我们提出HERMES框架，该创新设计通过两个受认知过程启发的核心组件来增强长视频理解能力。首先，情景压缩器 (Episodic COmpressor, ECO) 将视频表征捕获为连续动作序列，模拟情景记忆机制；其次，语义检索器 (Semantics reTRiever, SeTR) 作为高层摘要生成器，提炼关键语义信息。我们的模型在多个长视频数据集上取得最先进成果，显著超越现有方法。通过在LVU、Breakfast、COIN和MovieChat上的实验，我们验证了ECO与SeTR模块的有效性和高效性。

REFERENCES

参考文献

Md Mohaiminul Islam and Gedas Bertasius. Long movie clip classification with state-space video models. In European Conference on Computer Vision, pp. 87–104. Springer, 2022.

Md Mohaiminul Islam 和 Gedas Bertasius。基于状态空间视频模型的长电影片段分类。载于欧洲计算机视觉会议，第87-104页。Springer出版社，2022年。

Md Mohaiminul Islam, Mahmudul Hasan, Kishan Shamsundar Athrey, Tony Braskich, and Gedas Bertasius. Efficient movie scene detection using state-space transformers. In Proceedings of the IEEE/CVF Conference on Computer Vision and Pattern Recognition, pp. 18749–18758, 2023.

Md Mohaiminul Islam、Mahmudul Hasan、Kishan Shamsundar Athrey、Tony Braskich 和 Gedas Bertasius。基于状态空间 Transformer (State-Space Transformer) 的高效电影场景检测。见《IEEE/CVF 计算机视觉与模式识别会议论文集》，第 18749–18758 页，2023 年。

A APPENDIX

A 附录

The Appendix is organized as follows:

附录结构如下:

A.1 REPRODUCIBILITY STATEMENT

A.1 可复现性声明

To facilitate the reproducibility of our work, we will make our code, pretrained models, default hyper parameters, and pre processed annotations publicly available.

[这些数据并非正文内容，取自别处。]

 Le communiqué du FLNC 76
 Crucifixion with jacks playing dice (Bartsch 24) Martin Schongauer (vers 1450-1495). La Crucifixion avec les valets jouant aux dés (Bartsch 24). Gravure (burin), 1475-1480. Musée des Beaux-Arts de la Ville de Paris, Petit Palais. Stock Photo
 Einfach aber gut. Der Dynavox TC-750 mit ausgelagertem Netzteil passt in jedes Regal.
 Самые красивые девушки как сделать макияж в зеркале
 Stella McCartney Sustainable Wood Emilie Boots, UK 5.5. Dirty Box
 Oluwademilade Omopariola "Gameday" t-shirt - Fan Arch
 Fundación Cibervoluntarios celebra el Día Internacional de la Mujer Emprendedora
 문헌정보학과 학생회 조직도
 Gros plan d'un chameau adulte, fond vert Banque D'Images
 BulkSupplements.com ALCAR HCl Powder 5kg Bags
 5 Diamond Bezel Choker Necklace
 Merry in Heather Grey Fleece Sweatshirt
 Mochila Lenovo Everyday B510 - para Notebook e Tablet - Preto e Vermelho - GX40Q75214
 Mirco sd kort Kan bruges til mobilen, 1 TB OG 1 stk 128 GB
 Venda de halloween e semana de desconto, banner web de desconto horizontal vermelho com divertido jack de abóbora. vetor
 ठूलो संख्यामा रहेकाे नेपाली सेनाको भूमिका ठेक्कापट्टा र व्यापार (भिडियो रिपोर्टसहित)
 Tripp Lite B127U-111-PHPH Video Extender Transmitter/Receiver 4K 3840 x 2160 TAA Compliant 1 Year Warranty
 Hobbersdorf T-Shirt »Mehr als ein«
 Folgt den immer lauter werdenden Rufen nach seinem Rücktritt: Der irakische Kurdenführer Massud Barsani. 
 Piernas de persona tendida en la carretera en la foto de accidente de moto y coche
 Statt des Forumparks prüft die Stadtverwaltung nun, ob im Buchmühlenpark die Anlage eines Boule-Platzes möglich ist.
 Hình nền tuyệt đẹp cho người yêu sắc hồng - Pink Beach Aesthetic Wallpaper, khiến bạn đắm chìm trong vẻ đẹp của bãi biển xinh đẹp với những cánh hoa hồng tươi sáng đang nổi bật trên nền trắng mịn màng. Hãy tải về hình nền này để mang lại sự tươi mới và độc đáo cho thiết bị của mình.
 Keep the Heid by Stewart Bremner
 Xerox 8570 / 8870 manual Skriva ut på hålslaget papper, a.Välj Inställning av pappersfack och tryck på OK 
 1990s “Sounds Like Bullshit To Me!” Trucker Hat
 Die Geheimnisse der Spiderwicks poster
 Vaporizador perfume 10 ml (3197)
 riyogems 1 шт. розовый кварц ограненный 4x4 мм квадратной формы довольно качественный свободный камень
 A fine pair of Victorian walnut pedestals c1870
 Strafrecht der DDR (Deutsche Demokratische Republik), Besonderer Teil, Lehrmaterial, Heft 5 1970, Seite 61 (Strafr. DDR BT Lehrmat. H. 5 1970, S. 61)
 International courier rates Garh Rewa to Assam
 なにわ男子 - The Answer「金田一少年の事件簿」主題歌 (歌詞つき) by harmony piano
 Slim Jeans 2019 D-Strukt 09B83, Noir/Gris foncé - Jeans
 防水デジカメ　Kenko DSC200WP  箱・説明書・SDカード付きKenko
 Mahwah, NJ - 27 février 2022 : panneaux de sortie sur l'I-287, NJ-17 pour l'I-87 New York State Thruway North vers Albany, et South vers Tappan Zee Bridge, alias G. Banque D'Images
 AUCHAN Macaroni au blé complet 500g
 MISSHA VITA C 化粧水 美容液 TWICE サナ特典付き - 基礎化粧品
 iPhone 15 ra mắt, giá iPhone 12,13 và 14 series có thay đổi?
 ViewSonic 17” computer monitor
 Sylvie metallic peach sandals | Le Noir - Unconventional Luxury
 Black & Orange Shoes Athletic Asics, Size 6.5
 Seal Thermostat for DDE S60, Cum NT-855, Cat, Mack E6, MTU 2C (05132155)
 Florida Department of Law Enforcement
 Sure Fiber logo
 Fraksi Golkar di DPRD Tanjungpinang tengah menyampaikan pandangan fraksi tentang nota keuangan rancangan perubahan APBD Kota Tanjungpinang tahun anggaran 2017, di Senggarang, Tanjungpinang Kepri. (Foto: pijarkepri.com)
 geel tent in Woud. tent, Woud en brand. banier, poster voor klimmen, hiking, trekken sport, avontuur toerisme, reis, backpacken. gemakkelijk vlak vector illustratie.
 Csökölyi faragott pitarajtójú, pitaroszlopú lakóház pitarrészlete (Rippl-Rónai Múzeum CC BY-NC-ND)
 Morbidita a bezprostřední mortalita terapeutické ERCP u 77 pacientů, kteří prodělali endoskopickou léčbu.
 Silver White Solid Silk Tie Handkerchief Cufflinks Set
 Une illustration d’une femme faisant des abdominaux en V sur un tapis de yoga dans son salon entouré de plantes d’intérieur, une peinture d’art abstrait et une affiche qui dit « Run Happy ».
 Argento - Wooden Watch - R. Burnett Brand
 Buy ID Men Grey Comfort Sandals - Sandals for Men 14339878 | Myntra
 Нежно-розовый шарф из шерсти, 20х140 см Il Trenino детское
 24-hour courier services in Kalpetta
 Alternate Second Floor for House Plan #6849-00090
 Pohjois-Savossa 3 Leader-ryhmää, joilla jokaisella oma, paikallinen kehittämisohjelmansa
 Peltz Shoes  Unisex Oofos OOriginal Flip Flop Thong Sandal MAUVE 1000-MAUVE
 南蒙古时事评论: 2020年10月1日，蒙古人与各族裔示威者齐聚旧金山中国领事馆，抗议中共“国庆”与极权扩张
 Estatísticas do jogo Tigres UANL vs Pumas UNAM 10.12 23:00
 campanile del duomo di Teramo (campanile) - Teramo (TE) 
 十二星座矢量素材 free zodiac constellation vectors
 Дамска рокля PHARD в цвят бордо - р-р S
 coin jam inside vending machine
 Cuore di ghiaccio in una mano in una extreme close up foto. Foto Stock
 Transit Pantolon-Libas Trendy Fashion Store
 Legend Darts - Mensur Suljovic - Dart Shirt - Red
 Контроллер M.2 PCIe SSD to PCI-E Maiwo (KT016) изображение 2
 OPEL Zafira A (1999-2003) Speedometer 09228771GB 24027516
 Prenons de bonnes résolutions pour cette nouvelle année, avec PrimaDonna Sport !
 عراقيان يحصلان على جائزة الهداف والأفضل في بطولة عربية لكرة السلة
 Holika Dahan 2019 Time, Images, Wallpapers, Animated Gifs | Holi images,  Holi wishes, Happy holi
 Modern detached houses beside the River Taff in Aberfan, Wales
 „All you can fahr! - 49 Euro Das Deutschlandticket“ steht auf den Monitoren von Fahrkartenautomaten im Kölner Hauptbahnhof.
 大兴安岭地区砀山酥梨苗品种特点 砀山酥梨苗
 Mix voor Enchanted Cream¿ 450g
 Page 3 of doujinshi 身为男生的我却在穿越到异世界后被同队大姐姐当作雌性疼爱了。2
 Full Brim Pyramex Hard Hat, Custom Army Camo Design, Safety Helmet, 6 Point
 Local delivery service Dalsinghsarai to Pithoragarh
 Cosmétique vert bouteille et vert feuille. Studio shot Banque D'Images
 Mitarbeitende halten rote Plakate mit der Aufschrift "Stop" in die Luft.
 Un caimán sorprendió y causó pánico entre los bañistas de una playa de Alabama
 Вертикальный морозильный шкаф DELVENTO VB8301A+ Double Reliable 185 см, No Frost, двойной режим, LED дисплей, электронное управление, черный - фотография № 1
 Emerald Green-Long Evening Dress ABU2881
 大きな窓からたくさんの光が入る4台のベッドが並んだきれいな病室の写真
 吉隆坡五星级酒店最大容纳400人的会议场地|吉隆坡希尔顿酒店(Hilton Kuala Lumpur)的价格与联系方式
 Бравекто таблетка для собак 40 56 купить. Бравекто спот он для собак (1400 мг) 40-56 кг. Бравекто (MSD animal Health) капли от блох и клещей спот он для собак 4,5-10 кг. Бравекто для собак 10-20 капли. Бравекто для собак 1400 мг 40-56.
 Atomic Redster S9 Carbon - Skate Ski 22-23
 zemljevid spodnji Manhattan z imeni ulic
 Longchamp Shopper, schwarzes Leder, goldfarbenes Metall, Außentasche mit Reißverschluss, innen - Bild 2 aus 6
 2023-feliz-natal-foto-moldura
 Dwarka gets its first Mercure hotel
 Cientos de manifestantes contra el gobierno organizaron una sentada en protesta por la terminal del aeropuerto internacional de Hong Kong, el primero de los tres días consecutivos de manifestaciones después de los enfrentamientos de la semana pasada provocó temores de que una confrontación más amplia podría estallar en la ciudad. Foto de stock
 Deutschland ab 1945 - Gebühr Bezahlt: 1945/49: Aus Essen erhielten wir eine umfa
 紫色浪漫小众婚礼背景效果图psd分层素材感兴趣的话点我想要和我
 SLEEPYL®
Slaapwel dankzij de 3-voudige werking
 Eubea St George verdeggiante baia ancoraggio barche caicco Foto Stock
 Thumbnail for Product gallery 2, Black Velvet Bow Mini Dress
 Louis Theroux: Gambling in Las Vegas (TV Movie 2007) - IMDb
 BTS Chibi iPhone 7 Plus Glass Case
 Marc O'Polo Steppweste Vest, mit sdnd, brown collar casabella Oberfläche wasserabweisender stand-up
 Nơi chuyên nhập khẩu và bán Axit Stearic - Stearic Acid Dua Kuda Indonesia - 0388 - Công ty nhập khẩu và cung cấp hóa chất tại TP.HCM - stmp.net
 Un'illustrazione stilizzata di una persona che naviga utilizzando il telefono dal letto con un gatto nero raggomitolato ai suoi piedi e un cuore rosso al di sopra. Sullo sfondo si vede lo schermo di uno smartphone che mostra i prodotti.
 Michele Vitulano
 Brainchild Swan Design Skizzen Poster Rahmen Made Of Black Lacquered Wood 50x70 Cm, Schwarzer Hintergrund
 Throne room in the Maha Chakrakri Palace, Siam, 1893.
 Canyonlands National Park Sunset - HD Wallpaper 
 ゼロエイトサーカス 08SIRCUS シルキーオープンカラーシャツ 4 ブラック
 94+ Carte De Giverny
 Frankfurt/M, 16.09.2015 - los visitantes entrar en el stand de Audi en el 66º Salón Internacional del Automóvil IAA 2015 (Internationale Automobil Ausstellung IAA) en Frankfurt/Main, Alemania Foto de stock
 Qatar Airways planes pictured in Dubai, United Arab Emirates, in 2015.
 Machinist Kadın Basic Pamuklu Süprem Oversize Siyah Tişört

Detailed hyper parameters for each dataset are also provided in Table 8. Our model demonstrates efficient performance, completing inference on the MovieChat-1k test set in 13 minutes (22 FPS) using a single V100 GPU (32 GB), and training on the MovieChat-1k dataset in less than 12 minutes with 8x 32 GB GPUs. In contrast to recent LLM-based approaches that necessitate extensive and costly multi-stage pre training on increasingly large datasets, our model is designed for accessibility, thereby lowering the barrier for researchers without access to high-end computing resources. We achieve high performance while maintaining accessibility by leveraging existing pretrained weights and implementing our trainingfree ECO and SeTR, resulting in a model where finetuning is optional.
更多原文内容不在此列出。